Evaluating speech recognition isn’t just about counting word mistakes. It’s about understanding how those mistakes happen, which ones matter, and how they affect the people relying on the model’s output. A misheard filler word might be harmless, but a misheard medication name can change the course of care.

This piece walks through how evaluation can evolve beyond word error rate, grounded in peer-reviewed research and practical examples. It’s a story about better alignment, reproducible analysis, and what it takes to make ASR evaluation truly meaningful.

Limitations of word error rate

Today’s evaluation of automatic speech recognition (ASR) systems remains largely confined to comparisons based on word error rate (WER). The most frequently cited benchmark for both open-source and proprietary speech recognition models - the Hugging Face ASR leaderboard - ranks models by their average word error rate across eight datasets. A closer examination of the underlying technical reports for the top five entries reveals occasional use of downstream task evaluations, hallucination robustness, and character error rate (CER) as supplementary metrics. Is this rather limited evaluation toolkit a problem?

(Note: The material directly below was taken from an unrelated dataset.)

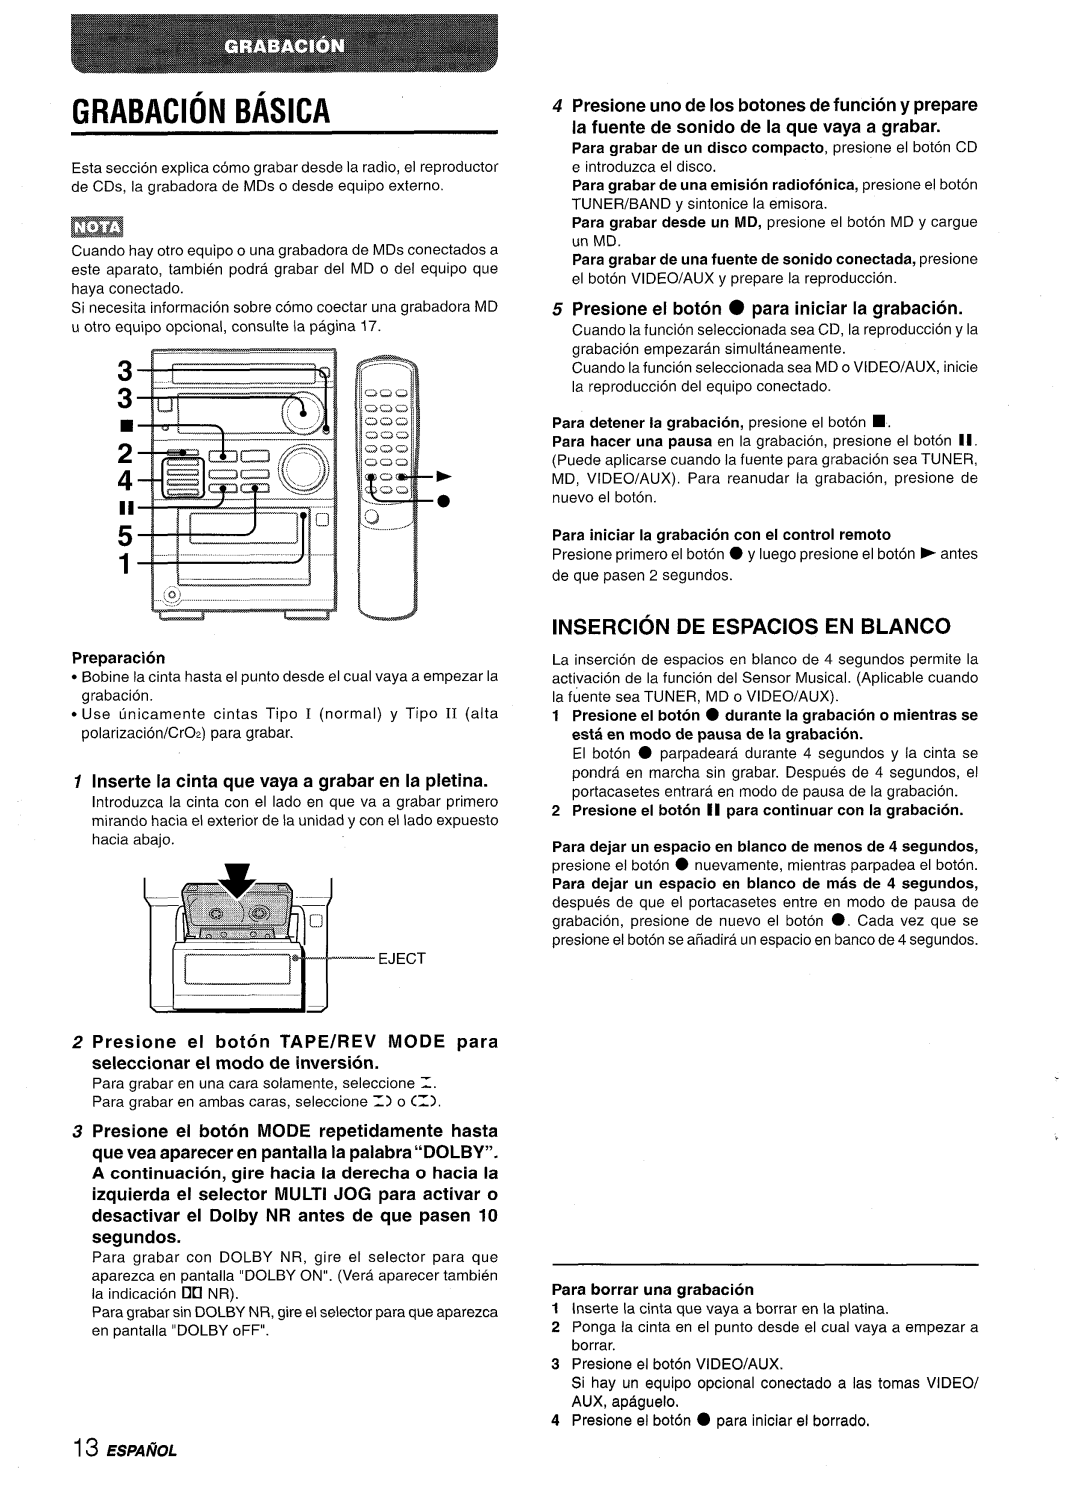 Aiwa XR-M35 manual Grabacion Basica, Insercion De Espacios En Blanco, Inserte la cinta que vaya a grabar en la pletina

The word error rate is undoubtedly a useful summary metric, providing a rough estimate of how frequently words are likely to be misrecognized, but it also has significant limitations. Yet its dominance has shaped how progress in speech recognition is defined, often prioritizing score improvements over comprehension. Word error rate improvements don't always translate to better user experiences. This is especially critical in domains like healthcare, where even a single misheard phrase can have serious consequences, while another may be entirely redundant.

Word error rate is calculated by finding the minimum number of single-word edit operations it takes to convert a reference transcript to a model-generated transcript, and then divide by the total number of words in the reference. The edit operations include insertions, deletions, and substitutions - an edit distance measure known as the Levenshtein distance. The fact that this distance measure treats words as indivisible units is a root cause of many pitfalls associated with the word error rate metric. We’ll explore these in further detail below.

  • Conventions: In English, many common words and phrases have contracted and informal forms that make writing more concise. Human transcribers often favor these shortcuts. For example, a person might write “I’m kinda ok,” while a speech recognition model might transcribe the same sentence as “I am kind of okay. Although the sentences are semantically equivalent, the word error rate clocks-in at 167%.
  • Exaggeration: The example above also highlights another limitation. The contraction “I’m” and the informal “kinda” require multiple edits to correct. Other errors that replace a single word with multiple words might of course be more severe than the ones exemplified here. However, consistently doubling the penalty for these errors is a crude simplification.
  • Importance: The word error rate does not account for the severity of individual errors nor the relative importance of specific words. If we consider a medical application, unproblematic errors like the ones discussed above will still be penalized hard, while mistaking hydroxyzine (an antihistamine) for hydralazine (a blood pressure medication) will be penalized less, although the latter could have serious consequences.
  • Interpretation: It’s tempting to interpret the word error rate as the relative frequency of misrecognized words, but this can be misleading. A word error rate of 20% does not necessarily mean that one in five words were misspelled. First off, the exaggeration issue discussed above is a common source of inflation. Second, a model may in fact transcribe all spoken words correctly, yet still be penalized for outputting words that were never spoken - so-called hallucinations.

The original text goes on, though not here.